Marcell does her considerable bit through a radio program, syndicated column, lectures, TV appearances, blogs and a Web site (www.elderrage.com). More than five million Americans have the disease now and that might grow to 12 million by 2050, by which time it will be costing US$350-billion a year to treat.
Daunting, yes, but not necessarily overwhelming. After all, Marcell says, Elder Rage is about how she made her parents' lives better despite her "rageaholic," Jekyll-and-Hyde father and health and social systems that Kafka might have appreciated.

And some progress is being made as the medical establishment works feverishly on Alzheimer's treatments despite lower funding from government. Only 12 years after the first Alzheimer's drug was introduced, there are 23 new drugs in clinical trials, Marcell says, and a dozen of them show great promise in helping to slow the disease.

But it is still not clear what causes the disease and, barring a major breakthrough on the cure front, diagnosing, treating and care-giving will be where progress must be made.


"It first falls on the spouse," Marcell says. "Then it falls on the adult children. Then they try to find a care-giver. But most people can't afford 24/7 care."
That's where long-term care insurance comes in. She says it's vital. At 57 and knowing her parents' Alzheimer's history, she has the insurance and she eats well and exercises, too.

Yet she is a realist. "I know what to do at the first sign of short-term memory loss. I know what to look for and I know not to delay. I know how to delay the progression of it in all the ways possible. And I know there are doctors to go to."

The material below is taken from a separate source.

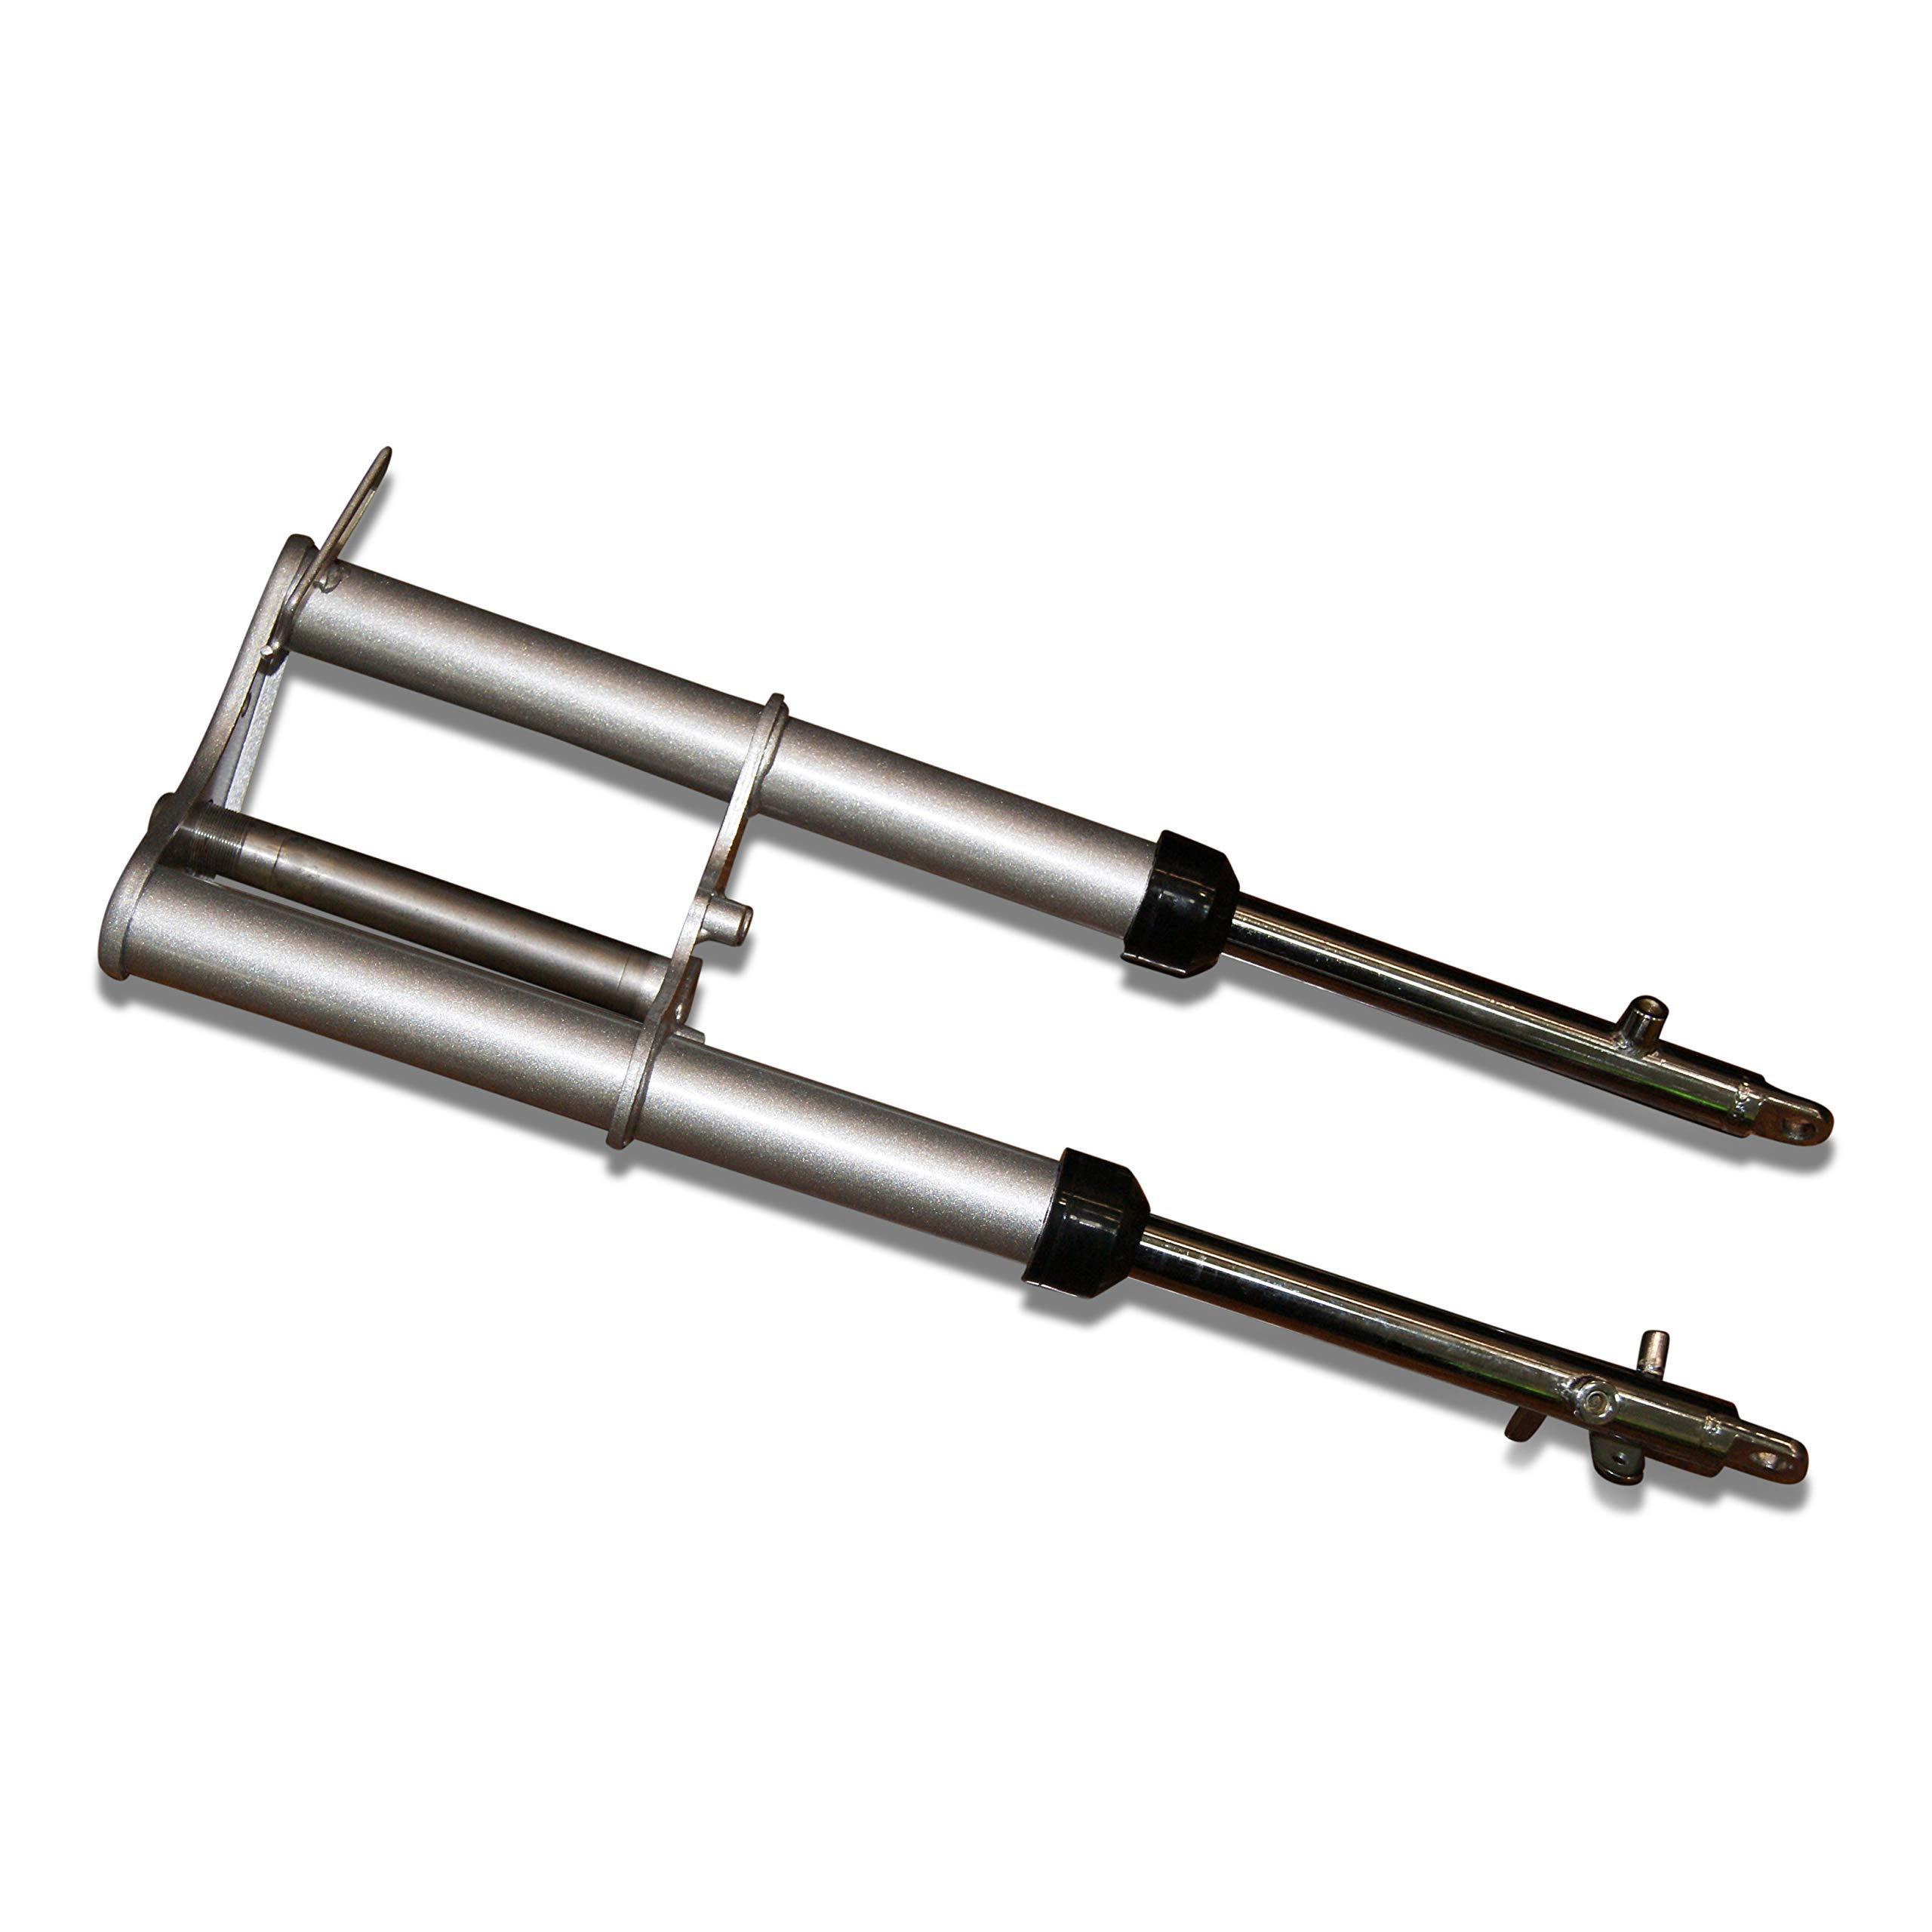 Genuine CRF50 +1'' HD Piranha Forks. Heavy Duty Pit Bike Forks. CRF 50 XR

One major problem in Alzheimer's treatment, though, is a shortage of doctors to go to. Marcell says there are fewer geriatrics specialists practising in the United States now than there were eight years ago when she started looking into Alzheimer's and its treatment.

"Geriatrics is the lowest-paid specialty," she says. "If you're a medical student in your 20s, do you want to deal with bouncing babies or heart disease where you can do something about it? Or do you want to deal with elderly people and their afflictions from head to toe and their siblings and spouses and kids? Every patient you have dies on you no matter what you do. Gee, what would you pick if you were in your 20s?"

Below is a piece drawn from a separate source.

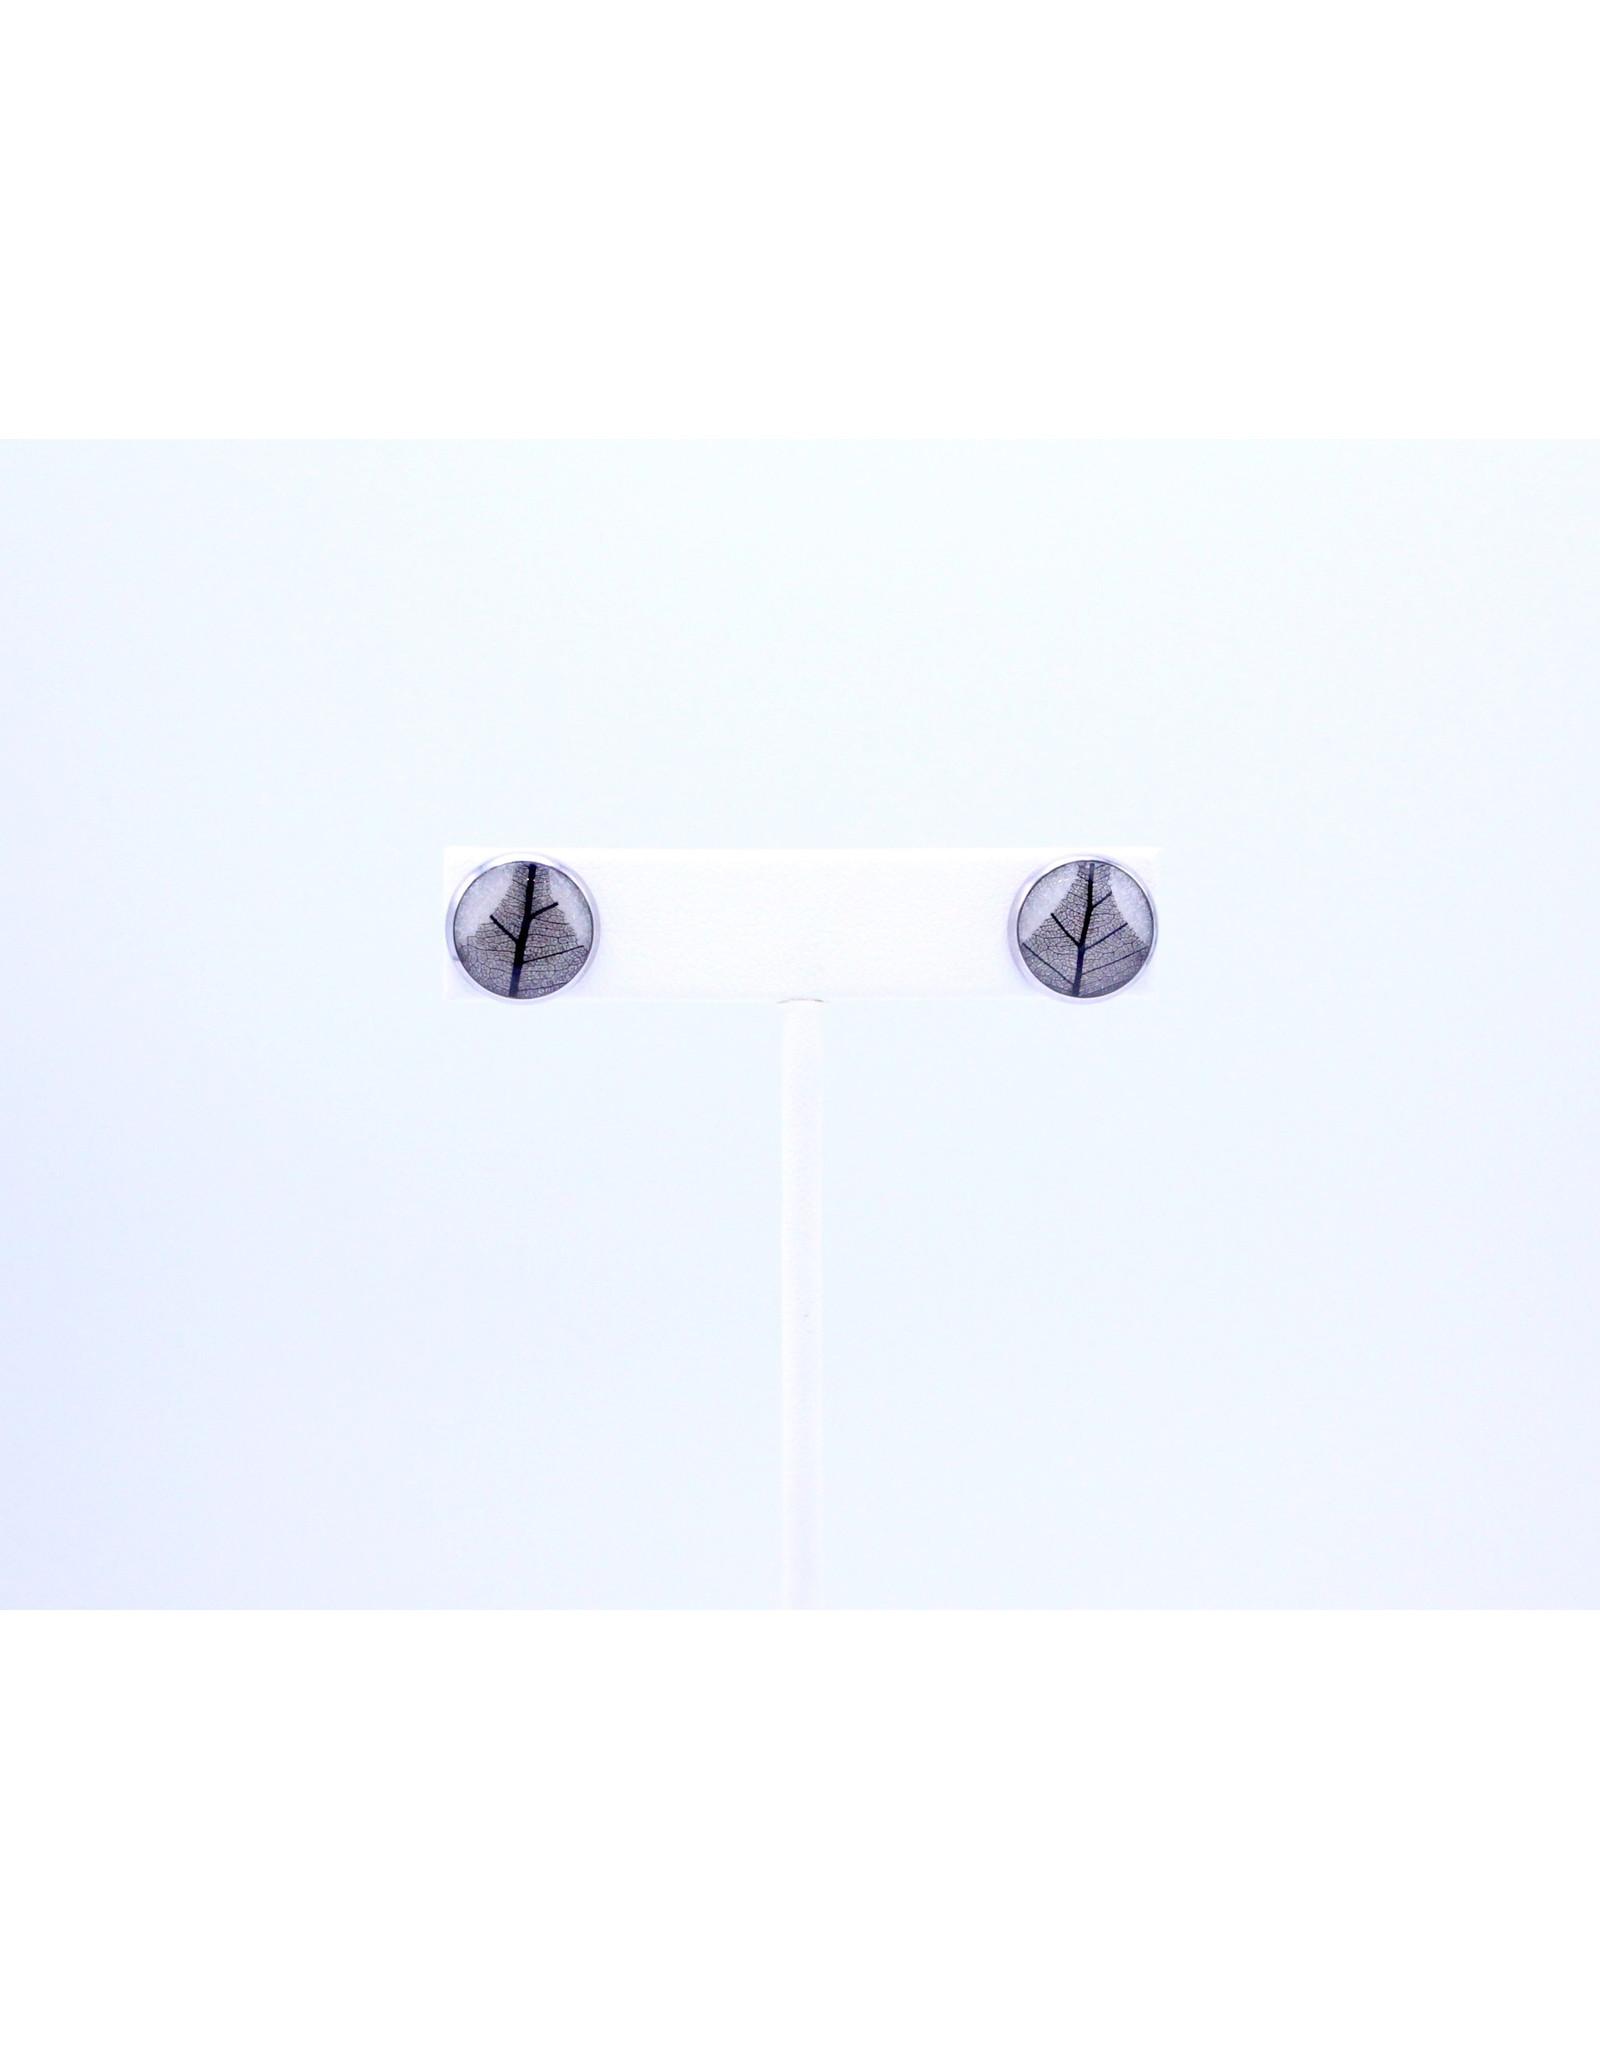 12mm Stud Skeletized Leaf Earrings  - J12SSLS1

Furthermore, though the Boomers have largely stepped up to the plate and taken care of their parents, they can't expect their children to do the same for them. "They have been spoiled since Day 1," she says.


"They have a whole different experience of life. They're not going to be a care-giving generation and they're heading into an era where there are going to be more elderly people than at any other time in history."

Meantime, Marcell says there's still a great deal of denial about Alzheimer's among people who prefer not to recognize its early signs in parents or spouses. "No one gets it till it hits their loved one. Then they start to get it."

Jacqueline Marcell got it when she tackled her parents' problem head-on almost 10 years ago. Today, her mission is to get other people to get it, to make a difference.

"You can do something to delay Alzheimer's. We're blessed to be living when we're living because there are things that can be done."